• Exercise directions: Please copy out each line of the entries in which "Teppich" appears.

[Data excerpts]
::::::::
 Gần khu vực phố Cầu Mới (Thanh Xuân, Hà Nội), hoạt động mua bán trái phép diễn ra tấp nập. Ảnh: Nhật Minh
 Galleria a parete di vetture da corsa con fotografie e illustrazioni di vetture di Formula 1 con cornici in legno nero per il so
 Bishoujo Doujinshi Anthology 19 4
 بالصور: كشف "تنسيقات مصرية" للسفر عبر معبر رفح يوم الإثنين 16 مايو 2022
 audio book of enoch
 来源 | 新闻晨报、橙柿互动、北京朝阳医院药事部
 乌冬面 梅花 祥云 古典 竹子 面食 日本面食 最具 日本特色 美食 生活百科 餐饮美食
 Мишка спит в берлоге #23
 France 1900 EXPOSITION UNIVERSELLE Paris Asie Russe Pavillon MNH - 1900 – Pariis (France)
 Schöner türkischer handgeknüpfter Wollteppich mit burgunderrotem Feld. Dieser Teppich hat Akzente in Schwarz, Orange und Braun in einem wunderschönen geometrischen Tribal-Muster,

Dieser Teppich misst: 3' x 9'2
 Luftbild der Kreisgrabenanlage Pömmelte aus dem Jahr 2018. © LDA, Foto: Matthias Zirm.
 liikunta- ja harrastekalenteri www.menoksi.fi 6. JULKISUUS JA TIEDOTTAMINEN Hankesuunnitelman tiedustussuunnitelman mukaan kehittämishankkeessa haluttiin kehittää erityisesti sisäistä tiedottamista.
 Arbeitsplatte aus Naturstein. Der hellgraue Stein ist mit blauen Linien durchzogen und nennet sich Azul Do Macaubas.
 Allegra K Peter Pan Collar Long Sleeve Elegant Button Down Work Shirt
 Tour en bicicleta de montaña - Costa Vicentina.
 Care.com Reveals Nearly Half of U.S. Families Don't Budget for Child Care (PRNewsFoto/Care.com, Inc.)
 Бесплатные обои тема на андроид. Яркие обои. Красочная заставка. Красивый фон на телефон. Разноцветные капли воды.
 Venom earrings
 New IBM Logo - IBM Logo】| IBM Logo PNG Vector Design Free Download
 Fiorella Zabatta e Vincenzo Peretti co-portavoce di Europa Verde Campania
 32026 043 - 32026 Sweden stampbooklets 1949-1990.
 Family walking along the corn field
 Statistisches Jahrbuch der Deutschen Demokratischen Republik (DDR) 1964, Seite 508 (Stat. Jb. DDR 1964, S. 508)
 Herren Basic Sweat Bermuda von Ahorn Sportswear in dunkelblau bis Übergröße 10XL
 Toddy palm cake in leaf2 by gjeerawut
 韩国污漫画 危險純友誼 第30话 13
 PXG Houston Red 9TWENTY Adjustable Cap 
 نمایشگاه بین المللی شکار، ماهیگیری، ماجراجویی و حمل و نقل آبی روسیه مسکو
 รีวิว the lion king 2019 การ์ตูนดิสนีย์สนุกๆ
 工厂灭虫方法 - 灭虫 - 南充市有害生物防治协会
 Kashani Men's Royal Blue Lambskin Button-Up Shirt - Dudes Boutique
::::::::
• Output:
 Schöner türkischer handgeknüpfter Wollteppich mit burgunderrotem Feld. Dieser Teppich hat Akzente in Schwarz, Orange und Braun in einem wunderschönen geometrischen Tribal-Muster,
Dieser Teppich misst: 3' x 9'2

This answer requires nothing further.